Regex to "normalize" usage of SPACE after . , : chars (and some exceptions)

November 14, 2021

I need to normalize some texts (product descriptions) in regard to the correct usage of .,,,: symbols (no space before and one space after)

The regex I’ve come up with is this:

$variation['DESCRIPTION'] = preg_replace('#\s*([:,.])\s*(?!<br />)#', '$1 ', $variation['DESCRIPTION']);

The problem is that this matches three cases it shouldn’t touch:

Any decimal number, like 5.5
Any thousand separator, like 4,500
A "fixed" phrase in Greek, ό,τι

Especially for the numeric exception, I know it can be achieved with some negative lookahead/lookbehind but unfortunately I can’t combine them in my current pattern.

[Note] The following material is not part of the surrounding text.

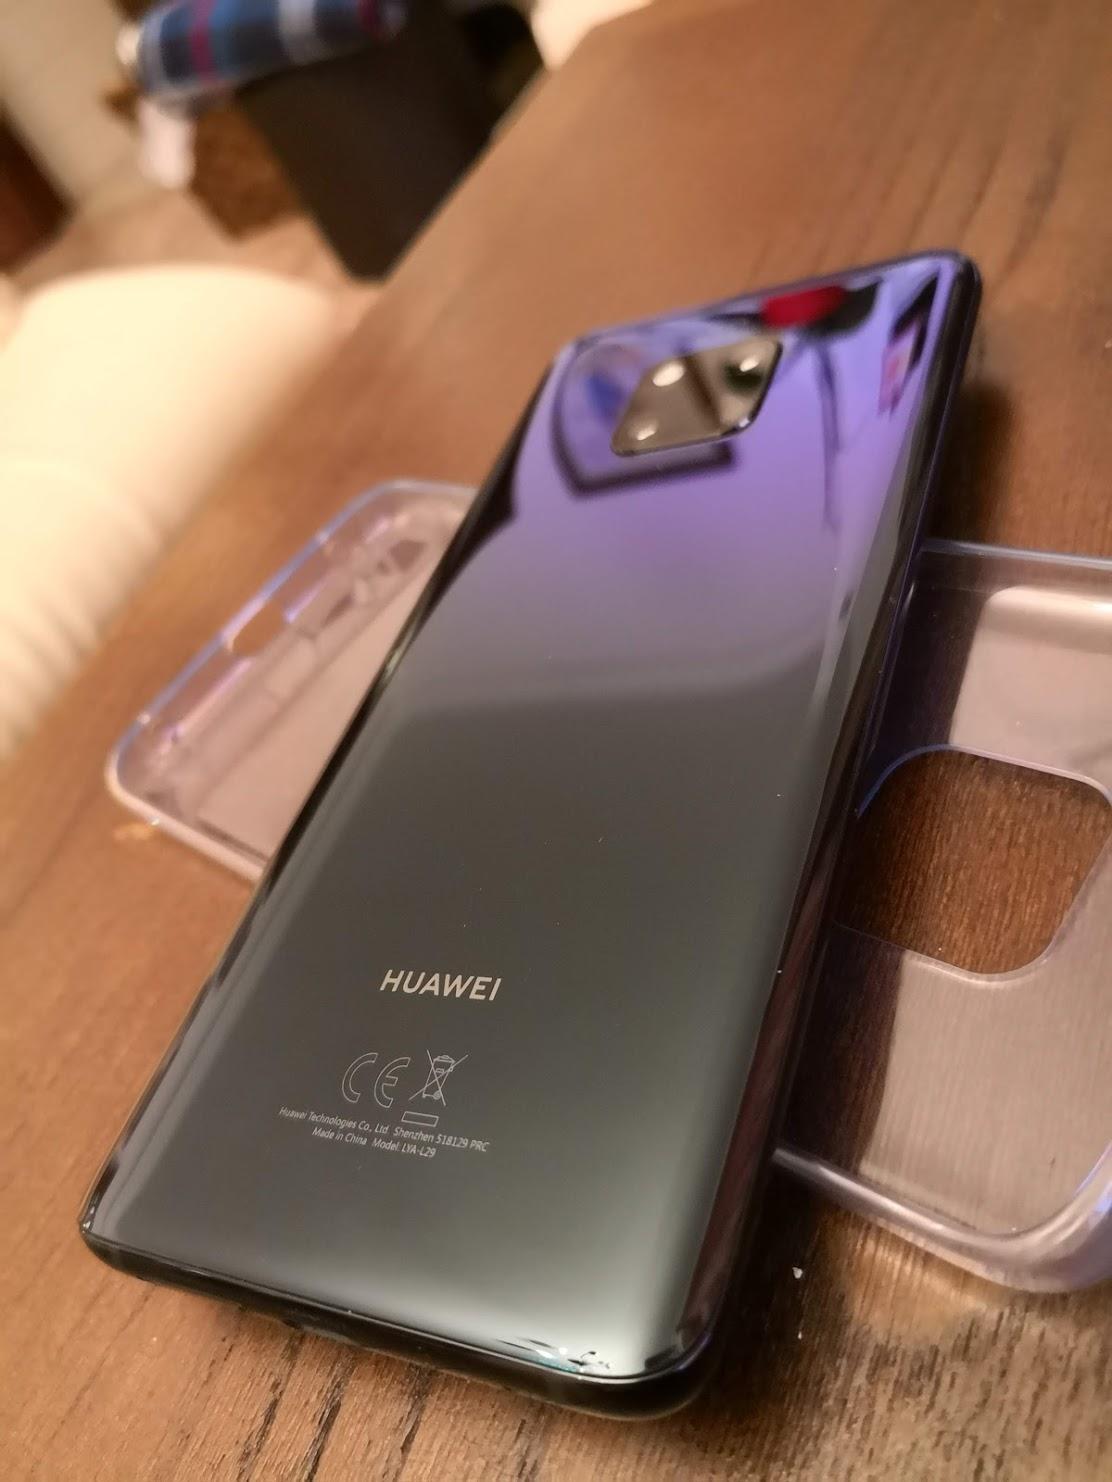 Alın Note 10+ və ya Huawei Mate 30 Pro gözləyin? 1

This is a fiddle for you to check (the cases that shouldn’t be matched are in lines 2, 3, 4).

Any help will be very much appreciated! TIA

>Solution :

You can add two lookaheads containing lookbehinds:

\s*([:,.])(?!(?<=ό,)τι)(?!(?<=\d.)\d)(?!\s*<br\s*/>)\s*

See the regex demo. Note that I also added \s* to the last lookahead and swapped it with the consuming \s* to fail the match if there is <br/> after any zero or more whitespaces after the :, , or ..

Details

\s* – zero or more whitespaces
([:,.]) – Group 1: a :, , or .
(?!(?<=ό,)τι) – fail the match if the next two chars are τι preceded with ό,
(?!(?<=\d.)\d) – fail the match if the next char is a digit preceded with a digit and any char (note that a . is enough since the [:,.] already match the char allowed/required, here, we just need to "jump" over that matched char)
(?!\s*<br\s*/>) – a negative lookahead that fails the match if there are zero or more whitespaces, <br, zero or more whitespaces, /> immediately to the right of the current location.
\s* – zero or more whitespaces.